Extracted data below:

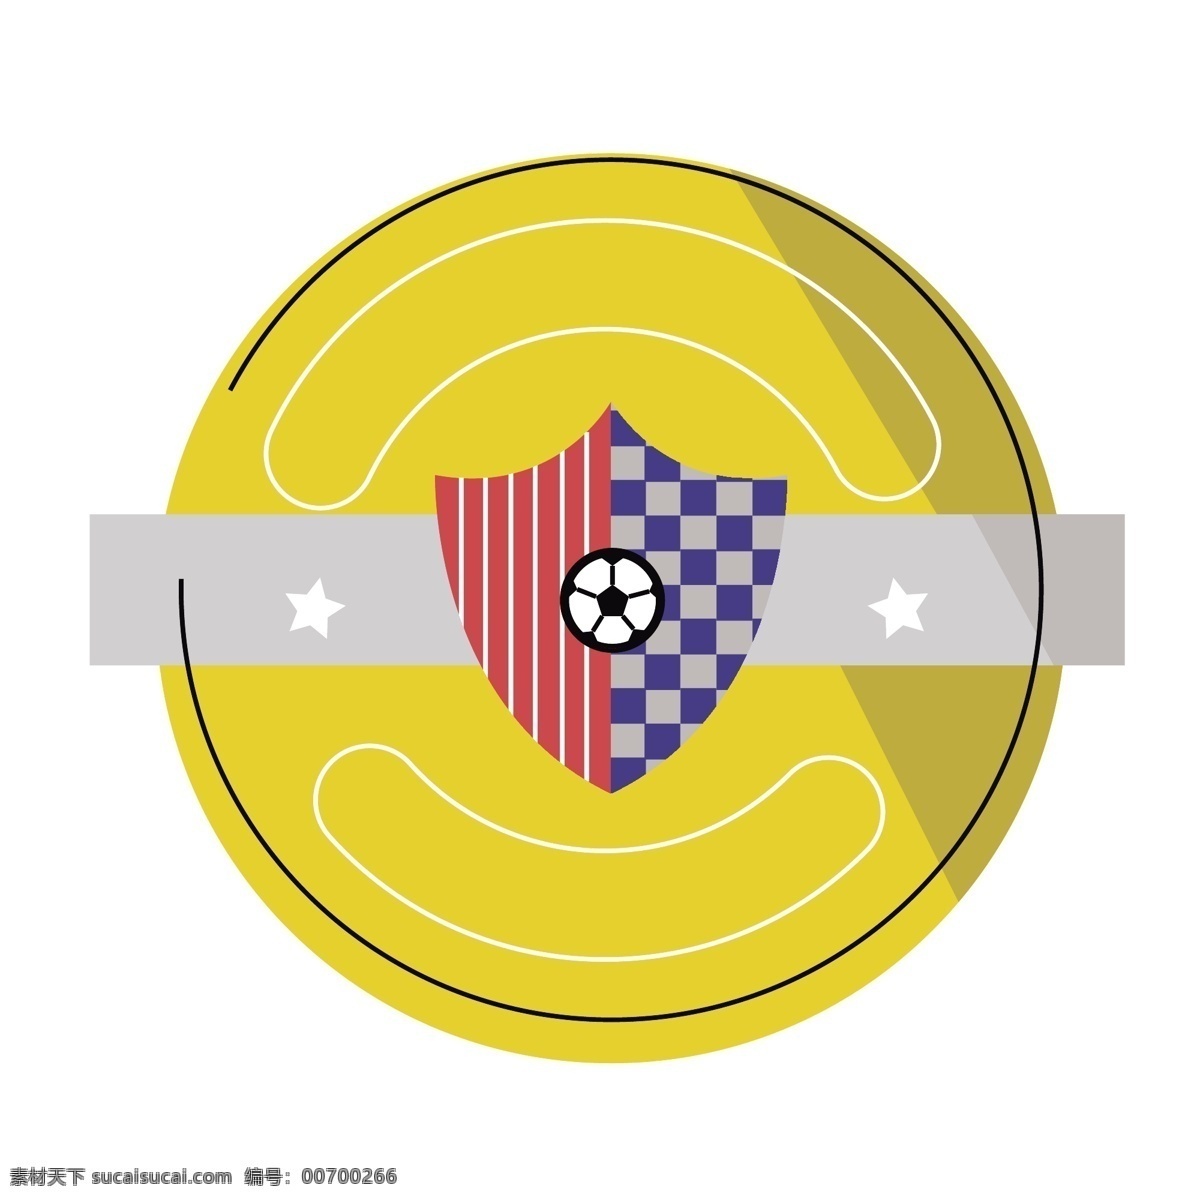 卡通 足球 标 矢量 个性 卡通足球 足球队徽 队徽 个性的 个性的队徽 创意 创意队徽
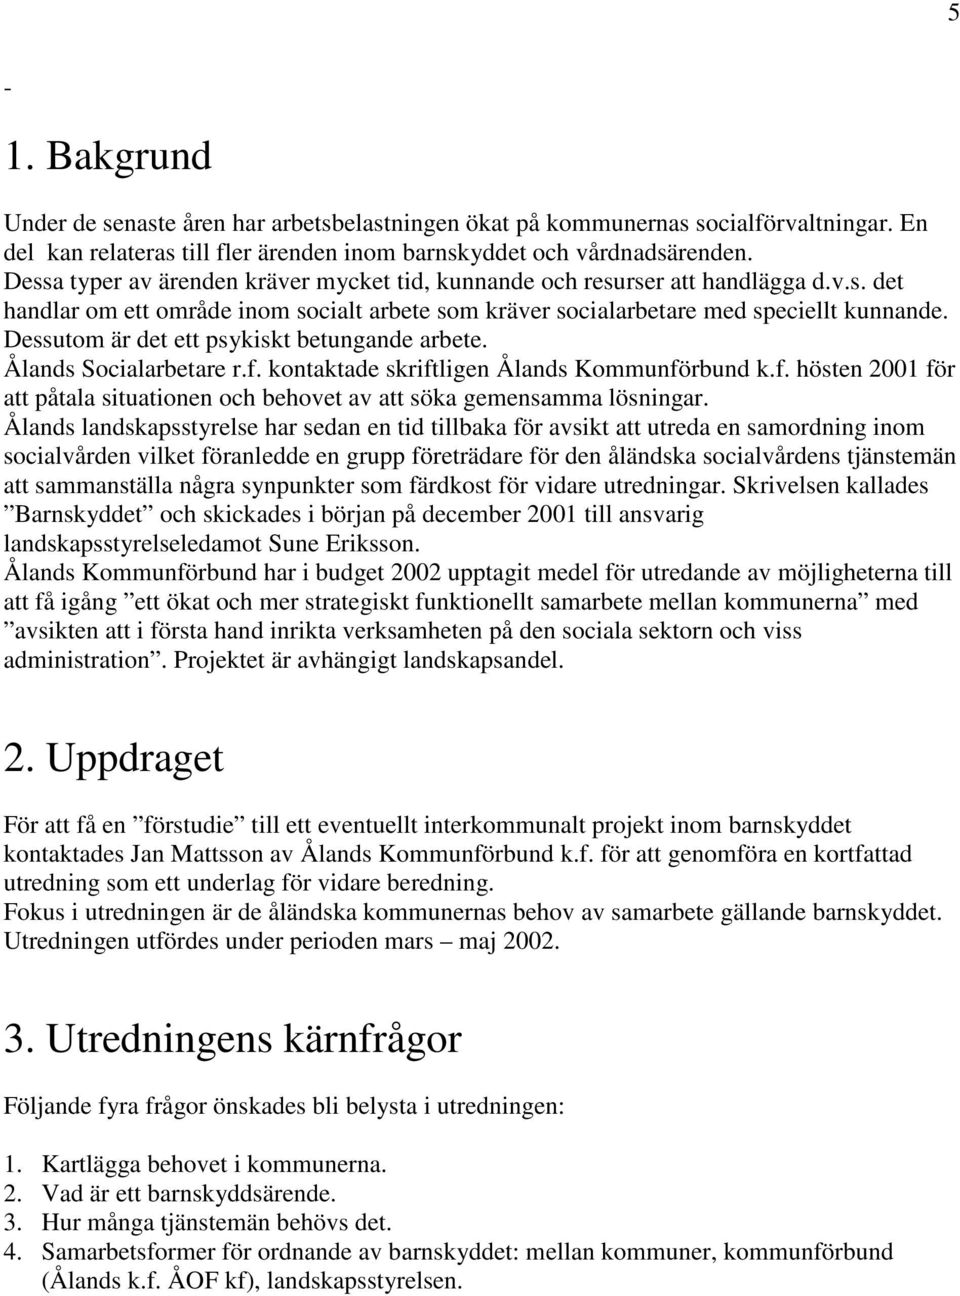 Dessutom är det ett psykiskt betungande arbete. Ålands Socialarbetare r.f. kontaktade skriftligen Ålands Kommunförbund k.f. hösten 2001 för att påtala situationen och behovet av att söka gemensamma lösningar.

End of Extracted data.
Extracted data below:

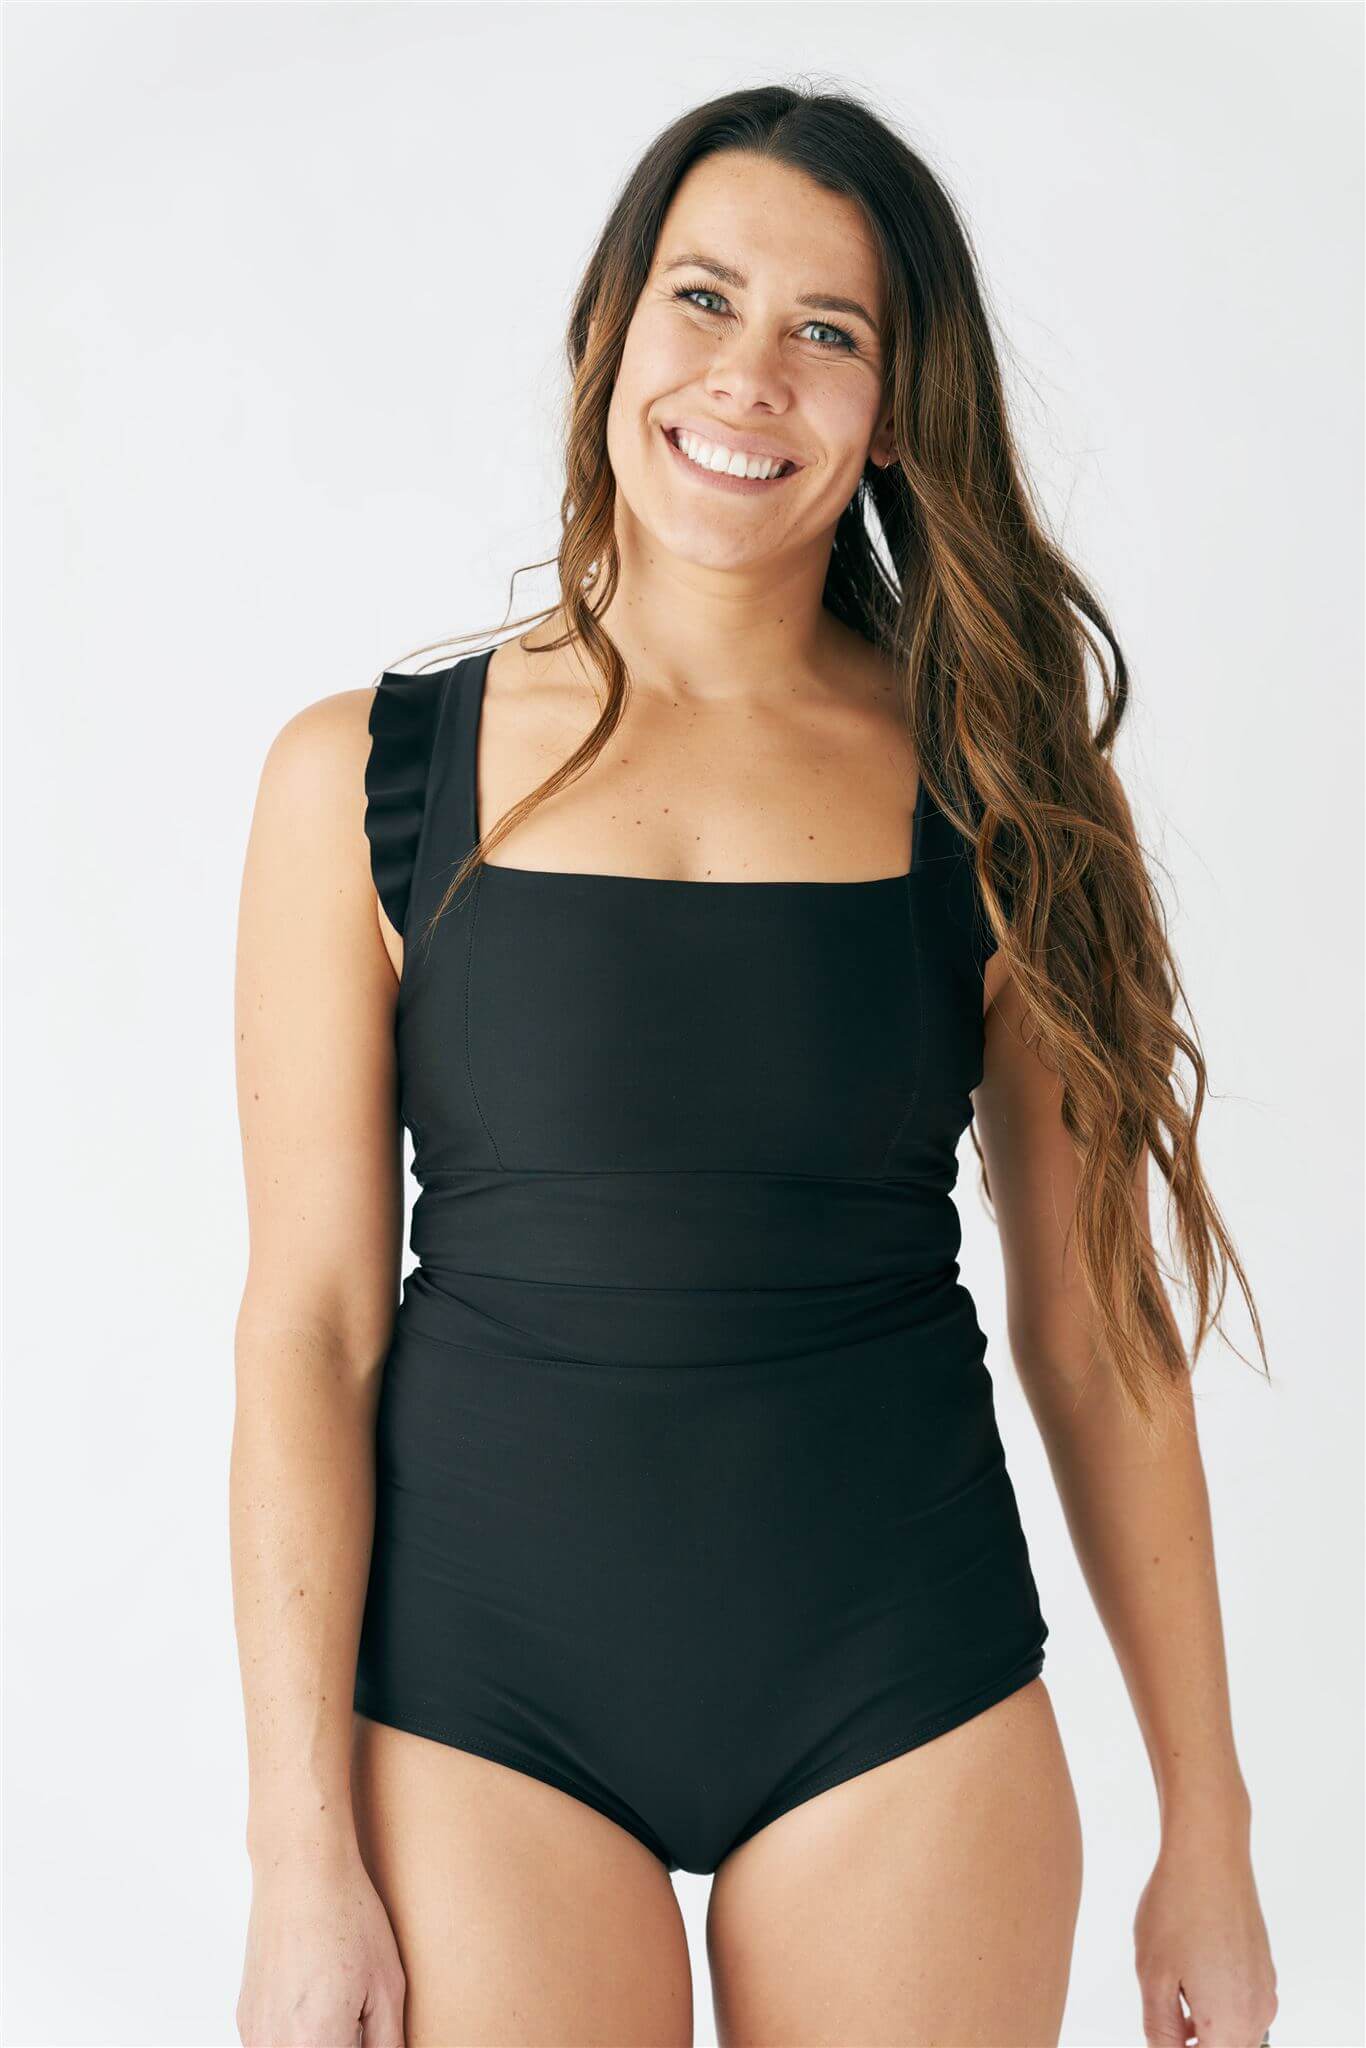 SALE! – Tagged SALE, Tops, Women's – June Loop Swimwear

End of Extracted data.

Exercise directions -> In the records above, everything from the line with "卡通 足球 标 矢量 个性 卡通足球 足球队徽 队徽 个性的 个性的队徽 创意 创意队徽" down to the line with "Dessutom är det" must be duplicated exactly, both lines kept. Leave no pictures in.

Answer area ->
 卡通 足球 标 矢量 个性 卡通足球 足球队徽 队徽 个性的 个性的队徽 创意 创意队徽
 Dessutom är det ett psykiskt betungande arbete. Ålands Socialarbetare r.f. kontaktade skriftligen Ålands Kommunförbund k.f. hösten 2001 för att påtala situationen och behovet av att söka gemensamma lösningar.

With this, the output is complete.